> [Provided material]:
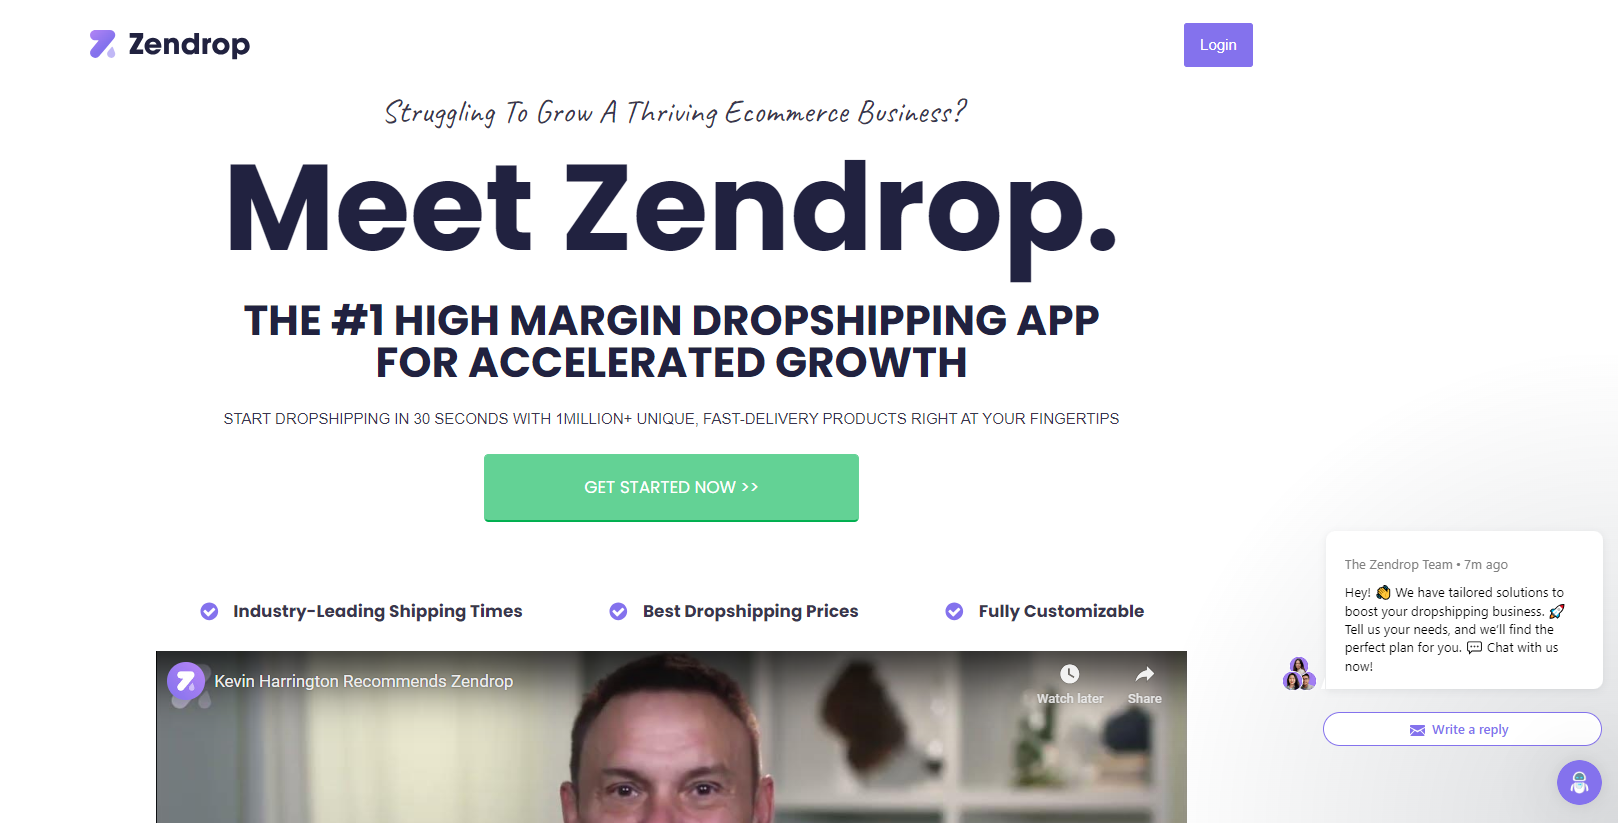 Zendrop is an eCommerce dropshipping platform based in the United States. It is an ideal solution for anyone looking to enter the private label dropshipping business. 
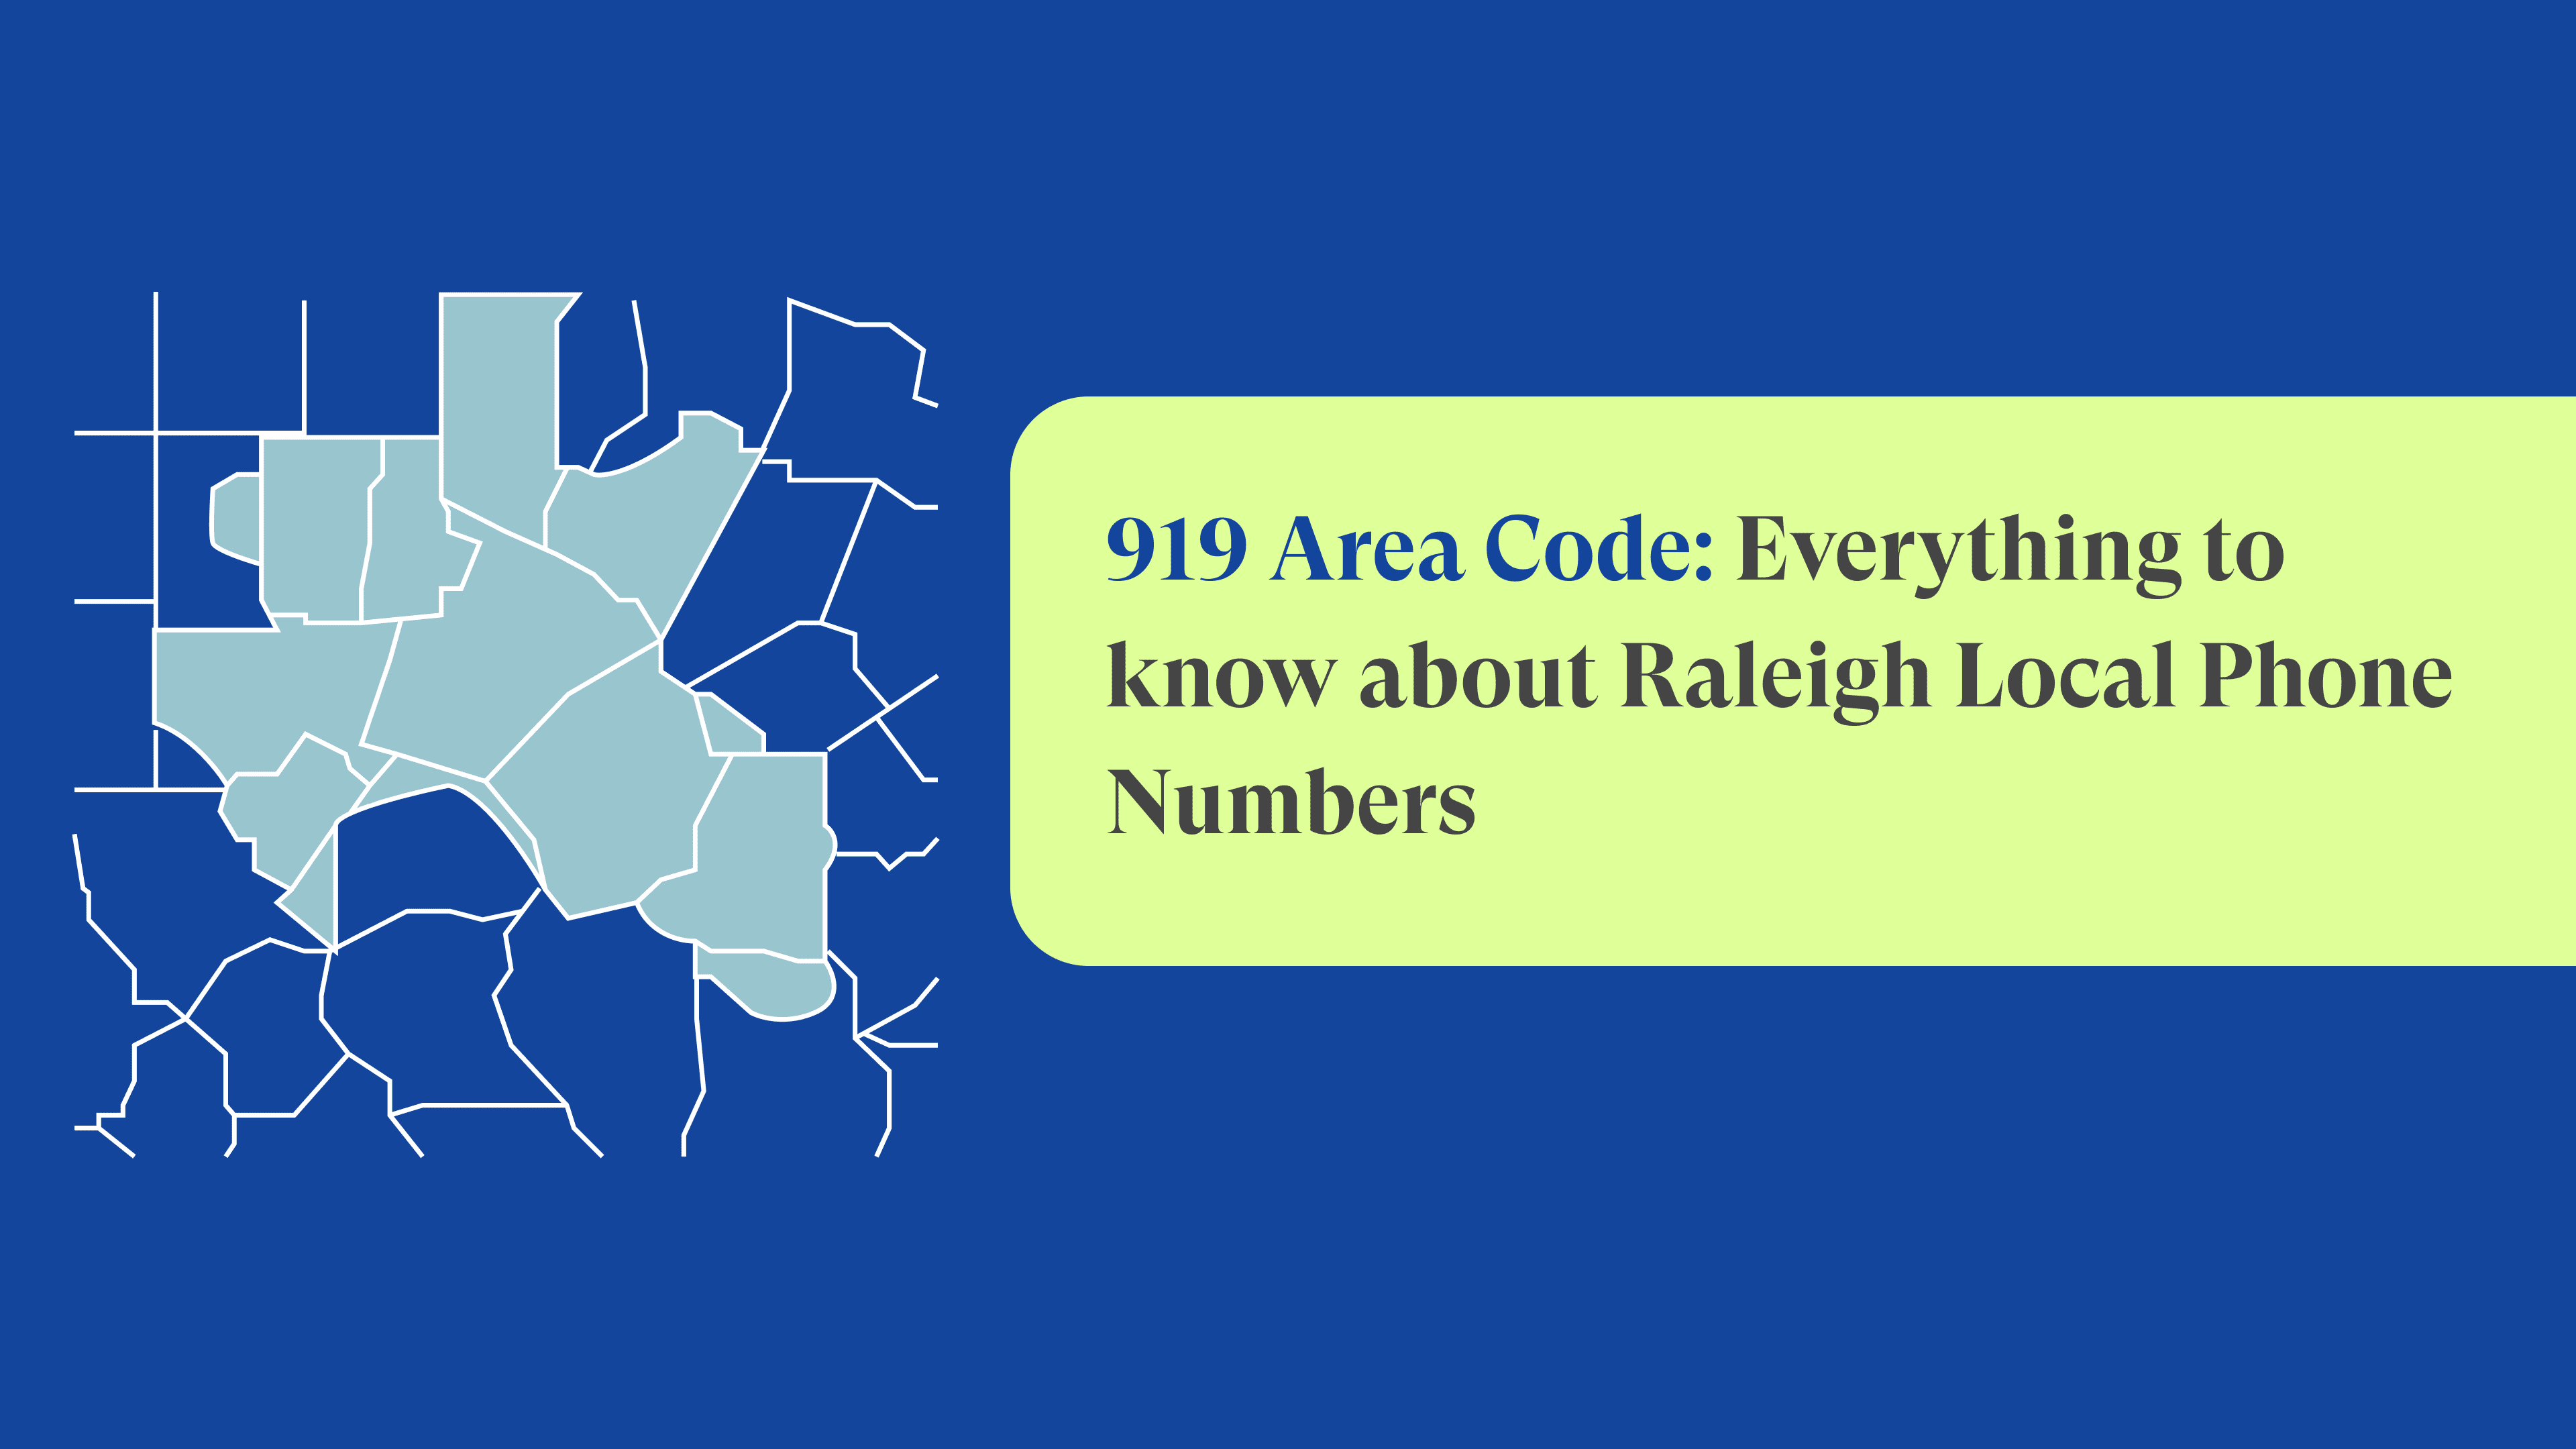 919 Area Code: All You Need to Know About Raleigh Local Phone Numbers
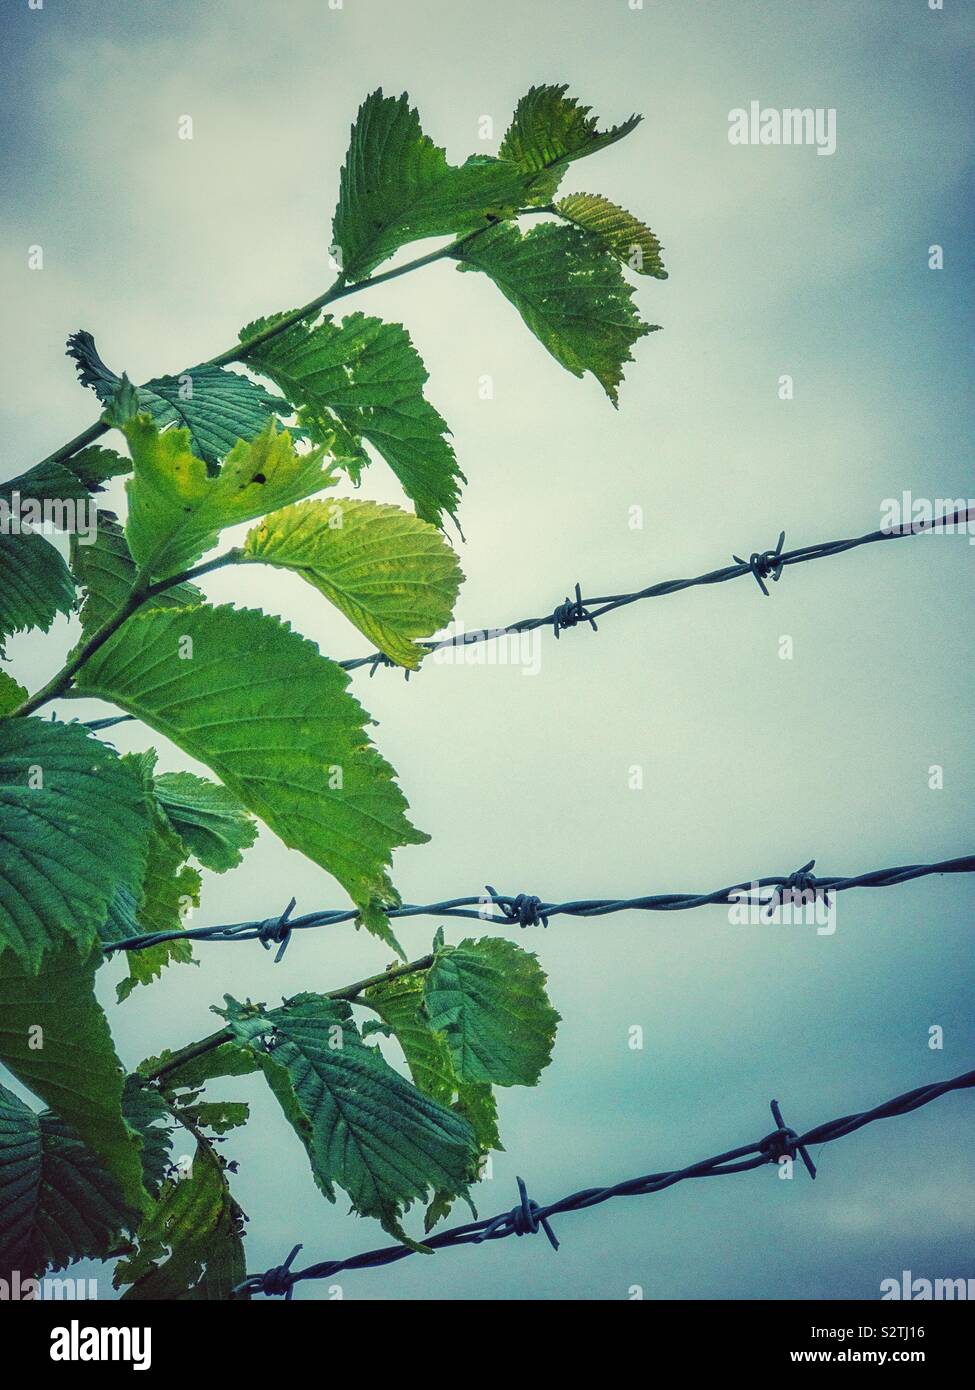 Tree leaves and barbed wire against a cloudy sky. Stock Photo

> [Your assignment]: Repeat the material above word for word, please, apart from its images.

> [Task response]:
 Zendrop is an eCommerce dropshipping platform based in the United States. It is an ideal solution for anyone looking to enter the private label dropshipping business. 
 919 Area Code: All You Need to Know About Raleigh Local Phone Numbers
 Tree leaves and barbed wire against a cloudy sky. Stock Photo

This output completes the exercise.